**Activity:**
Where the data below contains pictures, omit them; output the rest word for word.

**Data segment:**
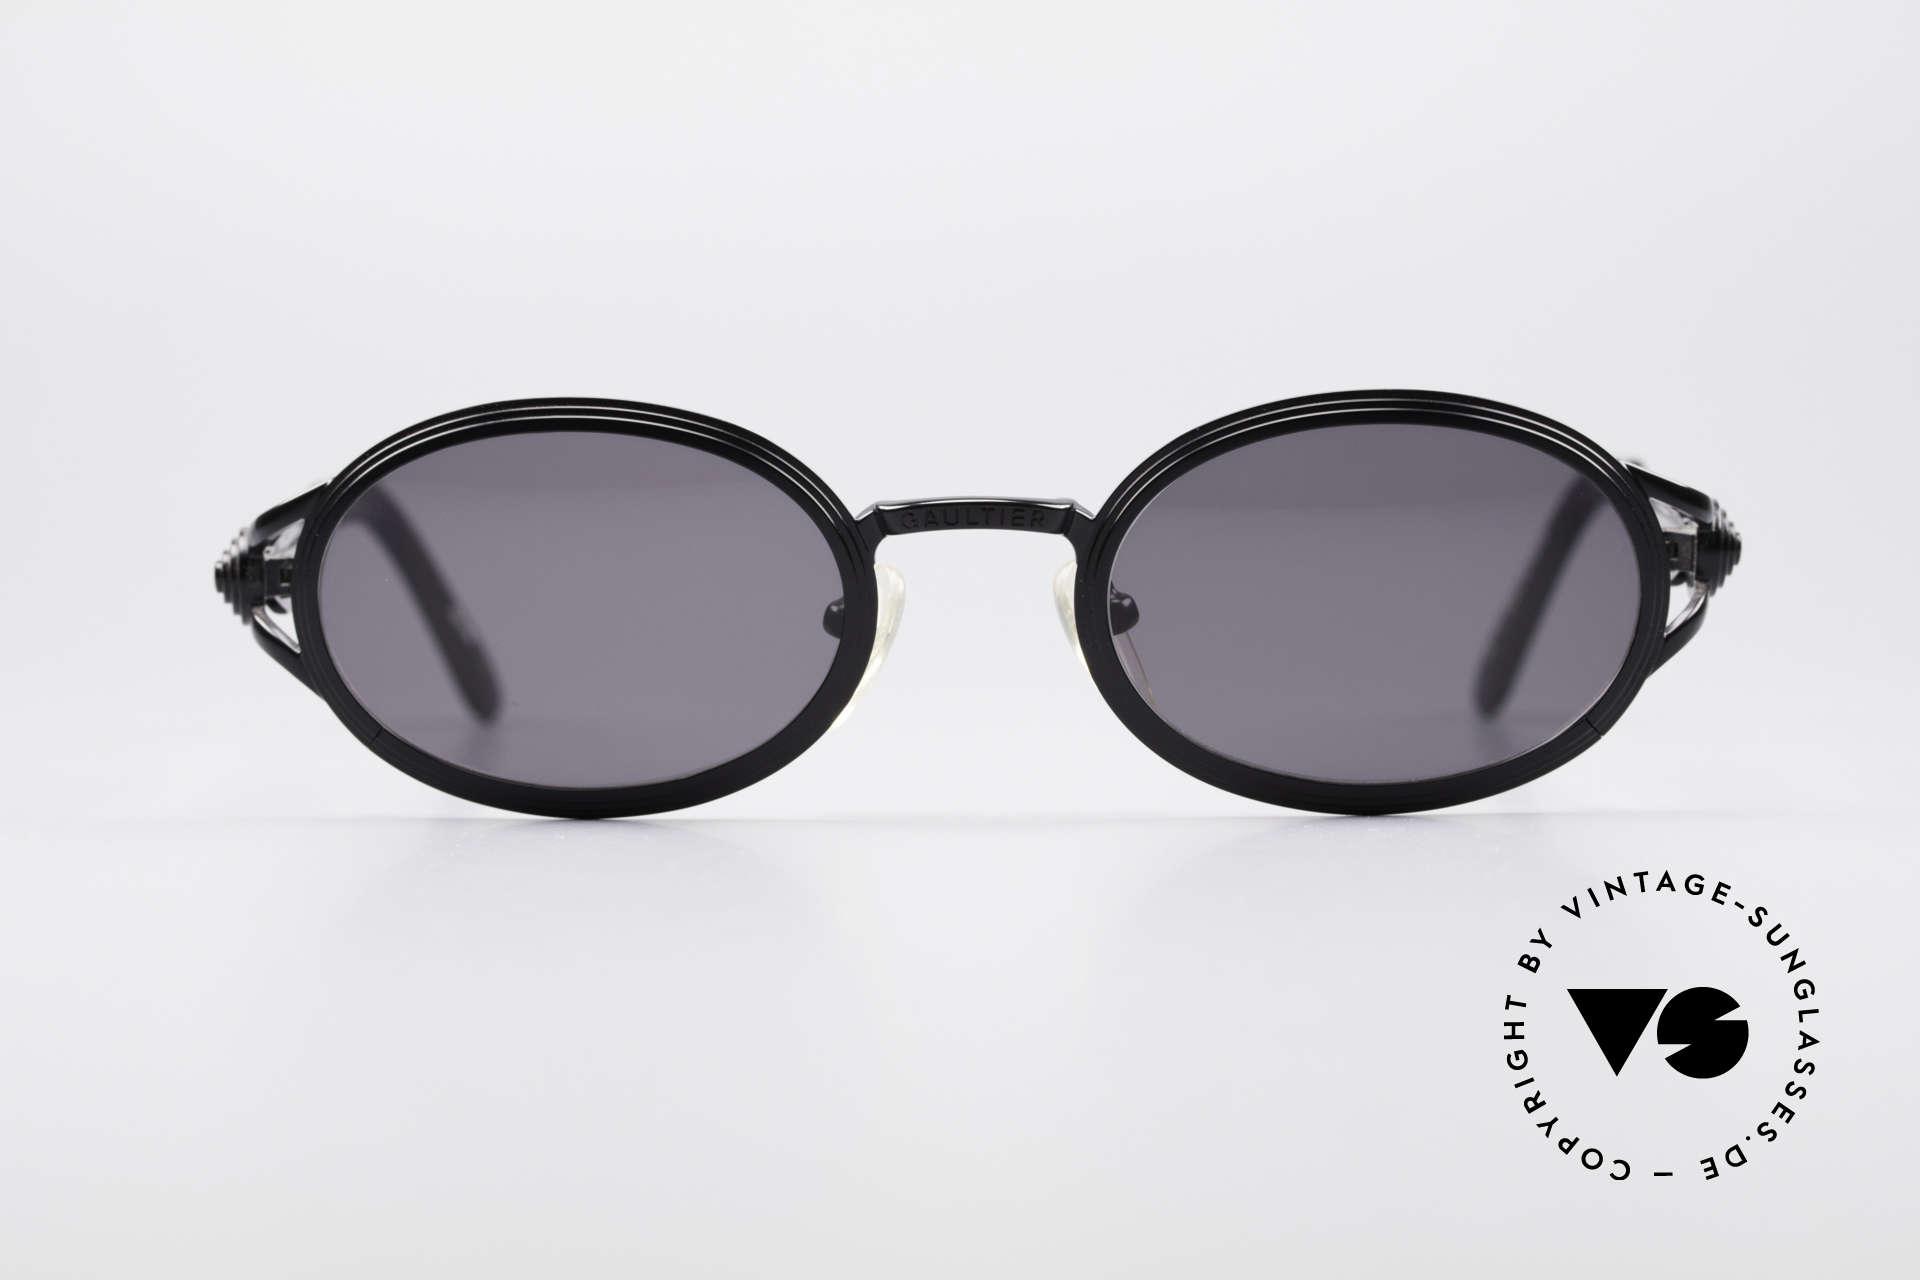 dbf20e2e1 Sunglasses Jean Paul Gaultier 56-7114 Oval Steampunk Sunglasses ...
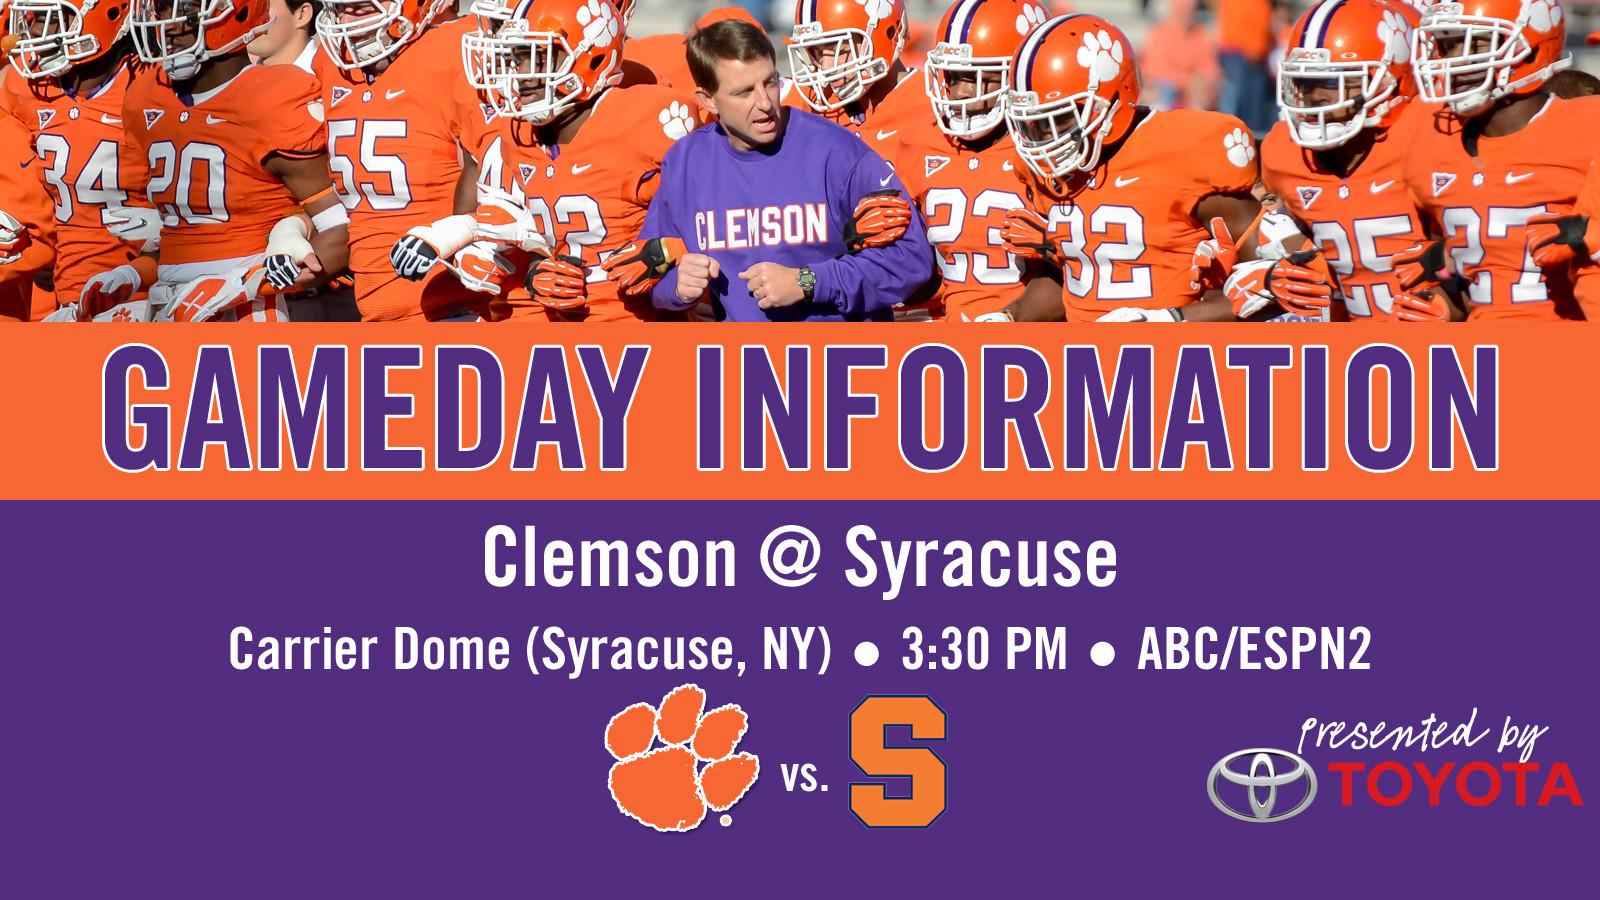 Clemson @ Syracuse Football Gameday Information
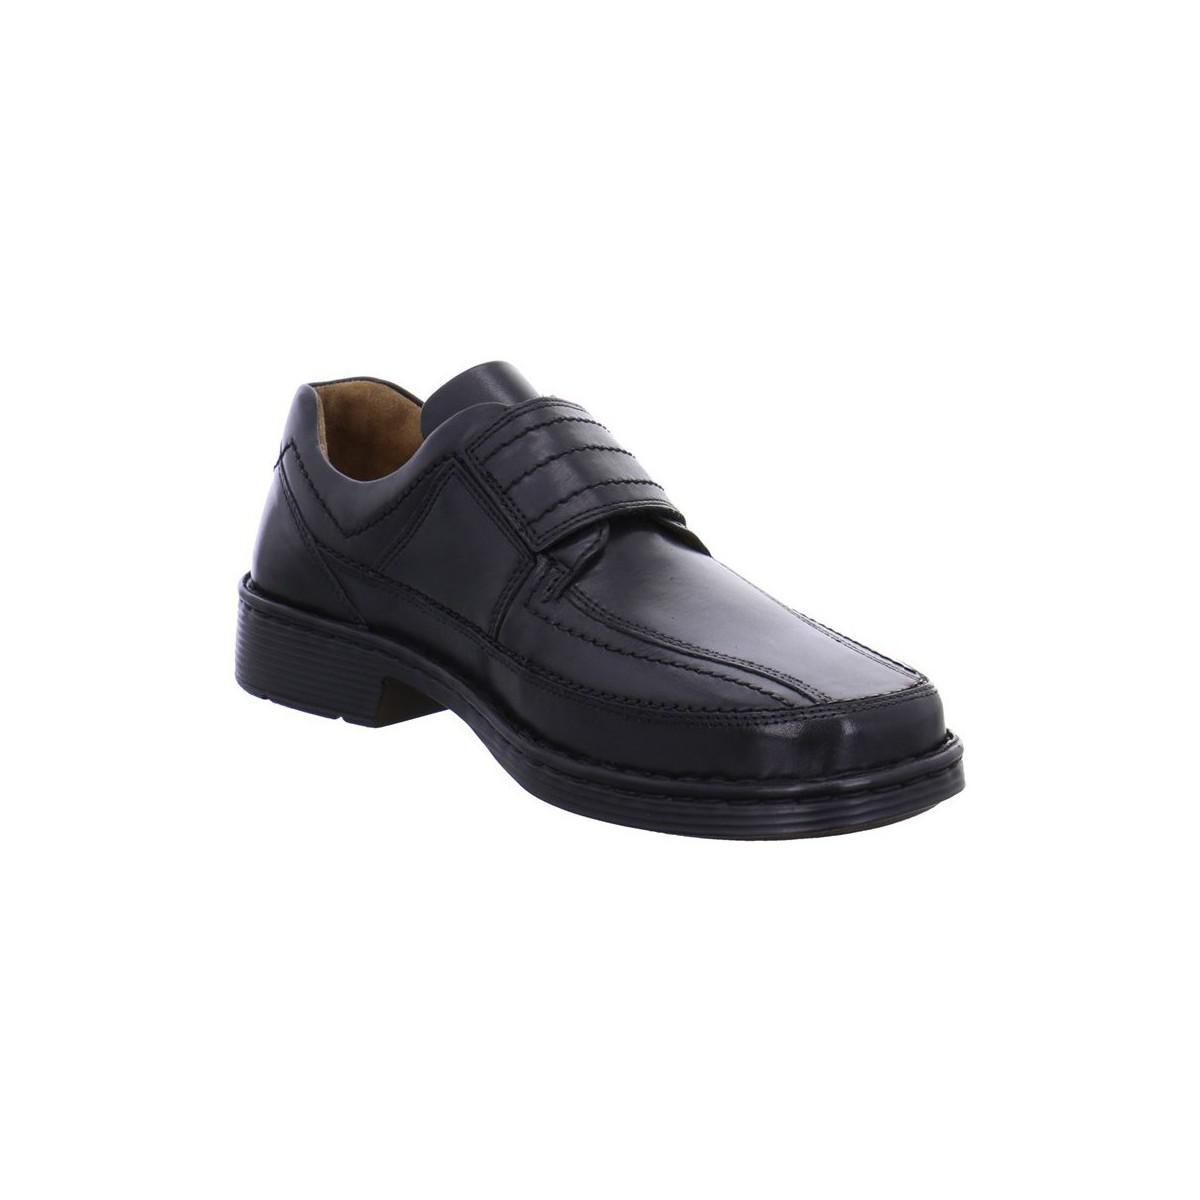 Josef Seibel. Bradford 06 Klett Men's Loafers / Casual Shoes ...

**Response area:**
 dbf20e2e1 Sunglasses Jean Paul Gaultier 56-7114 Oval Steampunk Sunglasses ...
 Clemson @ Syracuse Football Gameday Information
 Josef Seibel. Bradford 06 Klett Men's Loafers / Casual Shoes ...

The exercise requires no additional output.